Note that these surfaces are generally different from constant Gaussian curvature surfaces, with the important exception of the sphere.

In 1841 Delaunay proved that the only surfaces of revolution with constant mean curvature were the surfaces obtained by rotating the roulettes of the conics. These are the plane, cylinder, sphere, the catenoid, the unduloid and nodoid.

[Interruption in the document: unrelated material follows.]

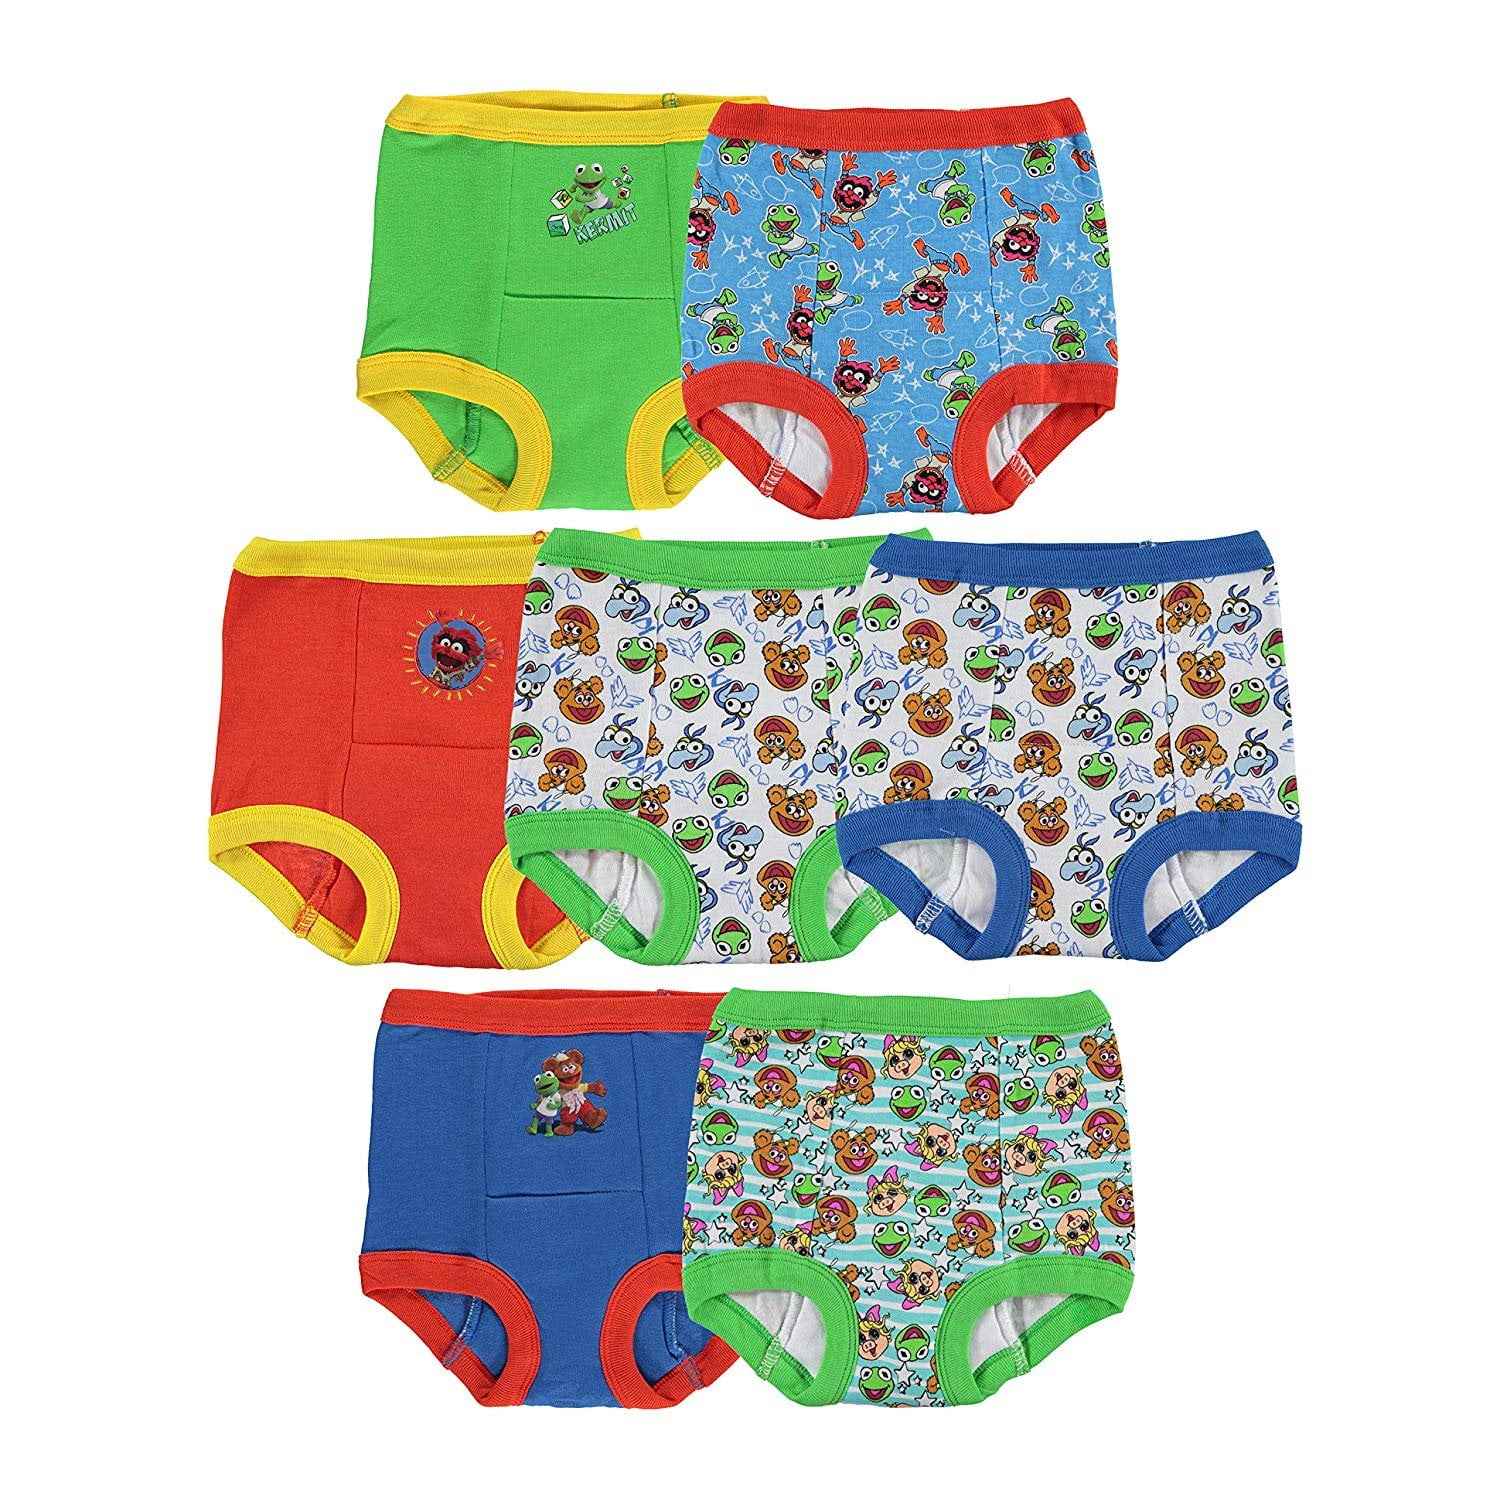 Cars, Toy Story & Monsters Inc. Variety Toddler Boy Brief Underwear,  7-Pack, Sizes 3T-4T 
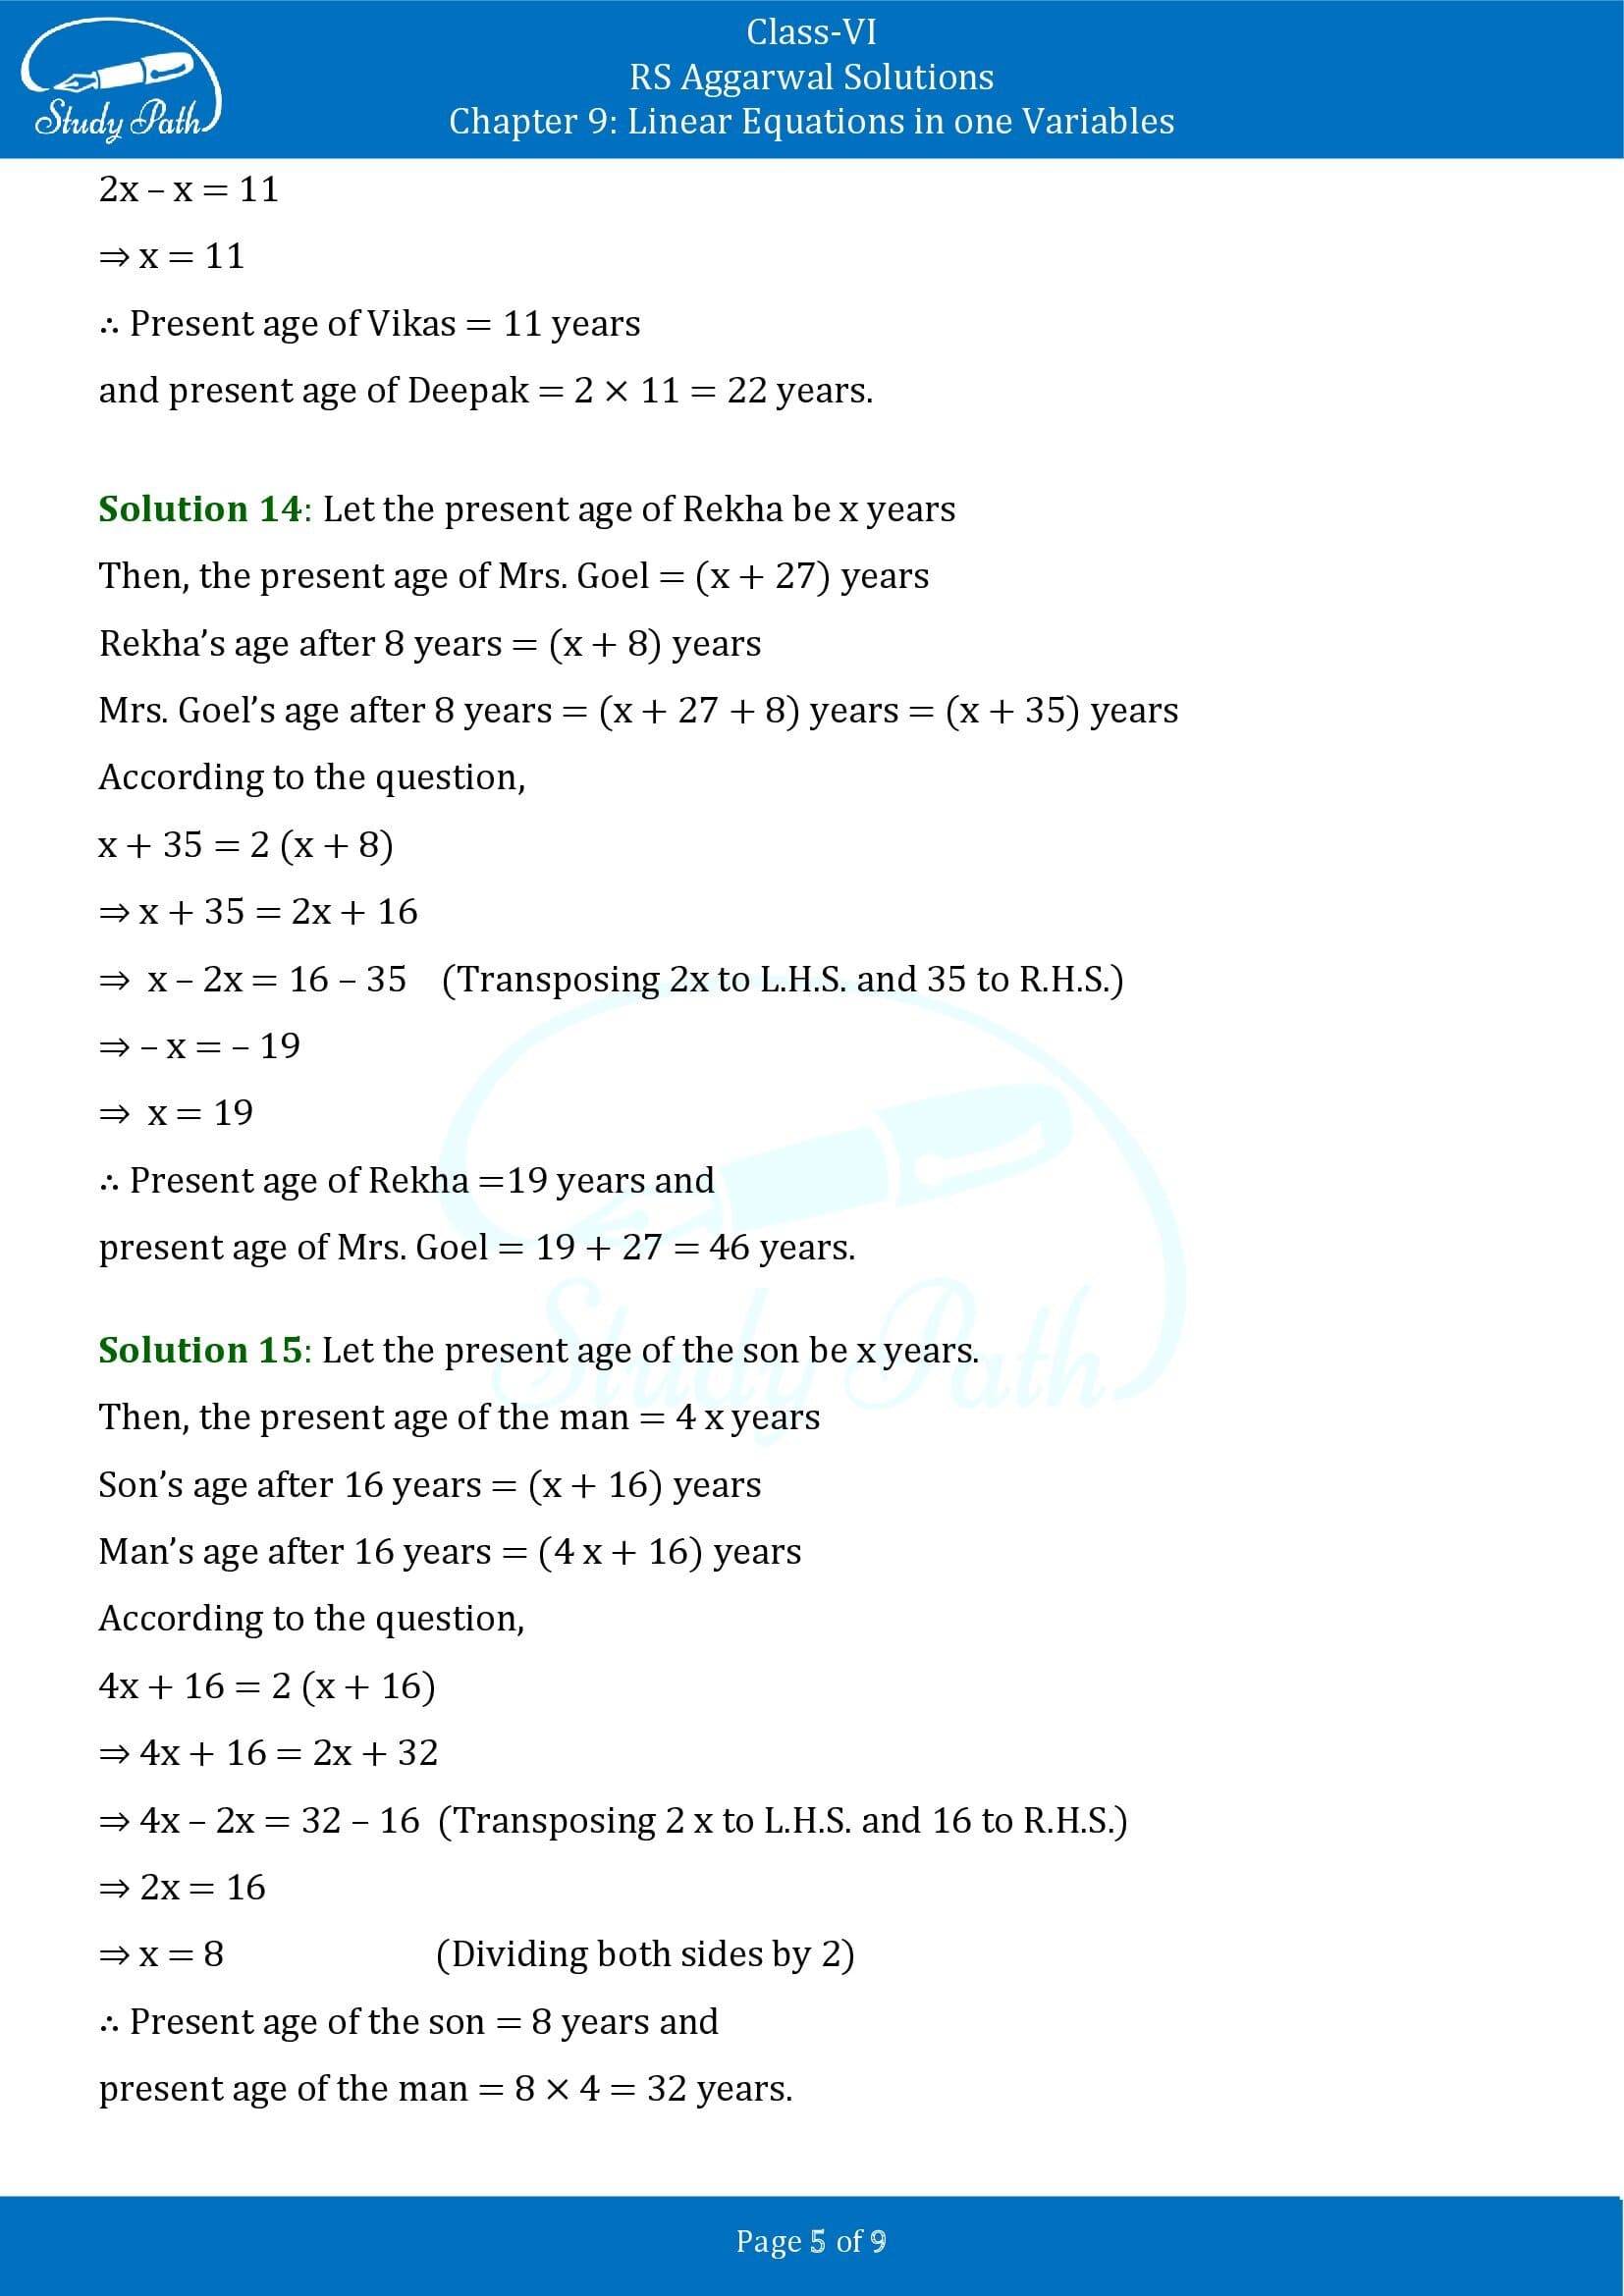 RS Aggarwal Solutions Class 6 Chapter 9 Linear Equations in One Variable Exercise 9C 00005

In 1853 J. H. Jellet showed that if ${\displaystyle S}$ is a compact star-shaped surface in ${\displaystyle \mathbb {R} ^{3}}$ with constant mean curvature, then it is the standard sphere. Subsequently A. D. Alexandrov proved that a compact embedded surface in ${\displaystyle \mathbb {R} ^{3}}$ with constant mean curvature ${\displaystyle H\neq 0}$ must be a sphere. Based on this H. Hopf conjectured in 1956 that any immersed compact orientable constant mean curvature hypersurface in ${\displaystyle \mathbb {R} ^{n}}$must be a standard embedded ${\displaystyle n-1}$ sphere. This conjecture was disproven in 1982 by Wu-Yi Hsiang using a counterexample in ${\displaystyle \mathbb {R} ^{4}}$. In 1984 Henry C. Wente constructed the Wente torus, an immersion into ${\displaystyle \mathbb {R} ^{3}}$ of a torus with constant mean curvature.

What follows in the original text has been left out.